RefgetDBAgent Tutorial¶
This tutorial shows you how to use RefgetDBAgent to manage a PostgreSQL database of sequence collections for building a seqcol API server.
Learning objectives
- Connect to a PostgreSQL database with RefgetDBAgent
- List and retrieve sequence collections
- Compare sequence collections
- Use specialized sub-agents for different operations
Prerequisites¶
This tutorial requires a running PostgreSQL database. Set up environment variables before running:
export POSTGRES_HOST=localhost
export POSTGRES_DB=refget
export POSTGRES_USER=postgres
export POSTGRES_PASSWORD=yourpassword
Or use the demo setup:
cd repos/refget
bash deployment/demo_up.sh # Starts postgres + loads demo data
Note
For most users, the CLI (refget admin) or RefgetStore (local file-based storage) are simpler alternatives. Use RefgetDBAgent when you need direct database access for building a seqcol API server.
# Initialize the database agent
# Requires POSTGRES_* environment variables to be set
from refget.agents import RefgetDBAgent
agent = RefgetDBAgent()
print(f"Connected to database via: {agent.engine}")
Connected to database via: Engine(postgresql://seqcol:***@localhost/seqcol)
Querying collections¶
With the demo setup, one sequence collection is pre-loaded.
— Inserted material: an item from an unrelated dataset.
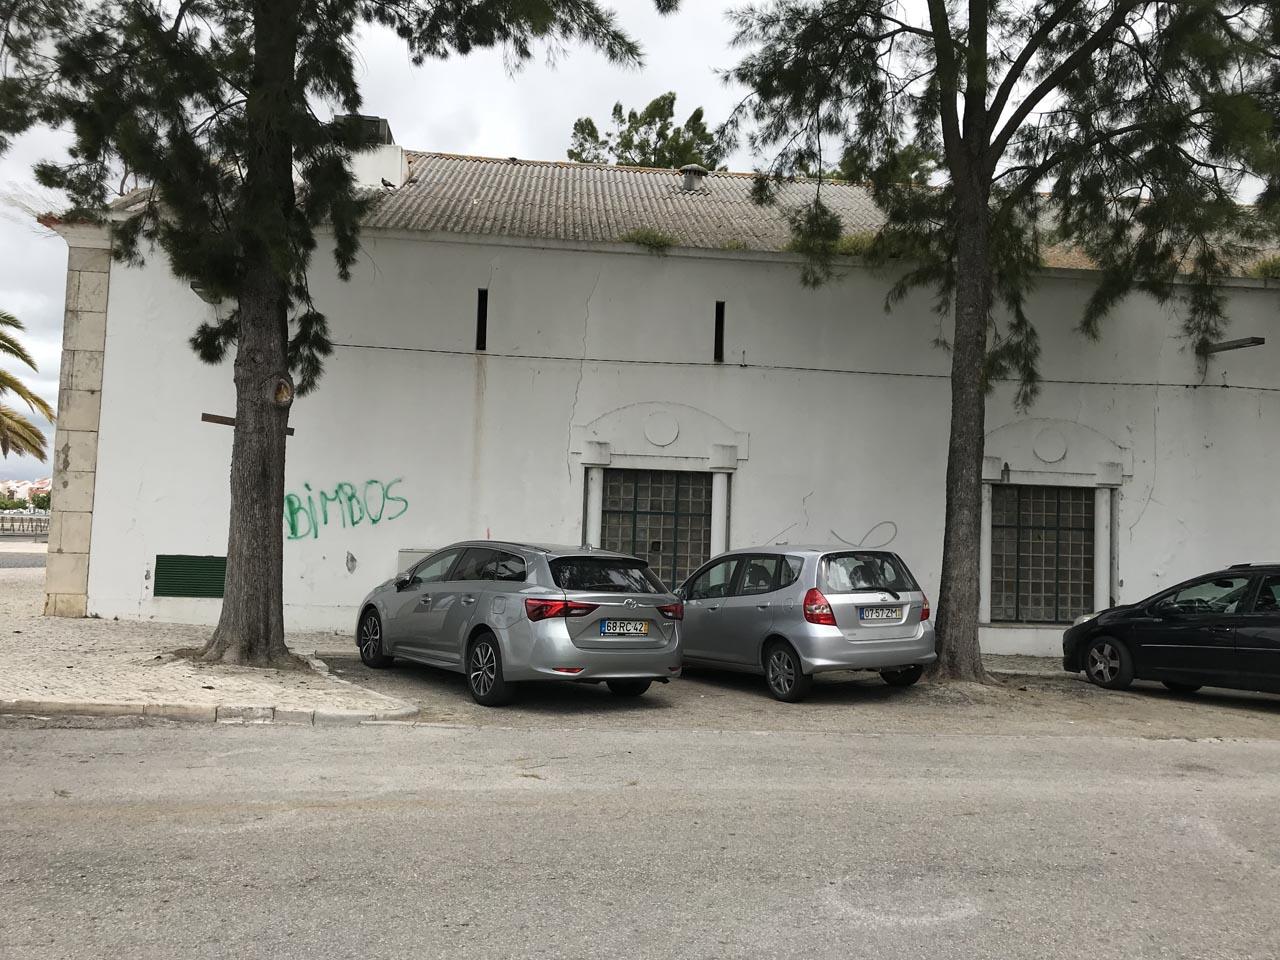 https://www.araujo-arquitectura.pt/wp-content/uploads/2020/12/IMG_7016.jpg

List the available collections:
# List available collections
collections = agent.seqcol.list_by_offset()
print(f"Available collections: {collections}")
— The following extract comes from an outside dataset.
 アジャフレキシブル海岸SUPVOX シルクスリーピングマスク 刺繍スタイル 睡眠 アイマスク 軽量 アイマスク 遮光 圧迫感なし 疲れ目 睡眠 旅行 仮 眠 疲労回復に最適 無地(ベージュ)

Available collections: {'pagination': {'page': 0, 'page_size': 50, 'total': 1}, 'results': [SequenceCollection(digest='XZlrcEGi6mlopZ2uD8ObHkQB1d0oDwKk', names_digest='Fw1r9eRxfOZD98KKrhlYQNEdSRHoVxAG', sorted_name_length_pairs_digest='zjM1Ie9m0zFbqsAnZ6jAJSXuFpKTr40J', sequences_digest='0uDQVLuHaOZi1u76LjV__yrVUIz9Bwhr', sorted_sequences_digest='KgWo6TT1Lqw6vgkXU9sYtCU9xwXoDt6M', lengths_digest='cGRMZIb3AVgkcAfNv39RN7hnT5Chk7RX', name_length_pairs_digest='B9MESWM8k-hK_OeQK8bZNAG74pLY0Ujq')]}
Retrieving a collection¶
Retrieve a specific collection by its digest:
# Retrieve a collection by digest
digest = "XZlrcEGi6mlopZ2uD8ObHkQB1d0oDwKk"
collection = agent.seqcol.get(digest, return_format="level2")
print(f"Collection: {collection}")
Collection: {'lengths': [8, 4, 4], 'names': ['chrX', 'chr1', 'chr2'], 'sequences': ['SQ.iYtREV555dUFKg2_agSJW6suquUyPpMw', 'SQ.YBbVX0dLKG1ieEDCiMmkrTZFt_Z5Vdaj', 'SQ.AcLxtBuKEPk_7PGE_H4dGElwZHCujwH6'], 'sorted_sequences': ['SQ.AcLxtBuKEPk_7PGE_H4dGElwZHCujwH6', 'SQ.YBbVX0dLKG1ieEDCiMmkrTZFt_Z5Vdaj', 'SQ.iYtREV555dUFKg2_agSJW6suquUyPpMw'], 'name_length_pairs': [{'length': 8, 'name': 'chrX'}, {'length': 4, 'name': 'chr1'}, {'length': 4, 'name': 'chr2'}]}
Comparing collections¶
Compare two sequence collections to identify their similarities and differences. In this demo, we'll compare a collection to itself (showing a perfect match):
# Compare a collection with itself (demonstrates the comparison feature)
digest = "XZlrcEGi6mlopZ2uD8ObHkQB1d0oDwKk"
comparison = agent.compare_digests(digest, digest)
print(f"Comparison result: {comparison}")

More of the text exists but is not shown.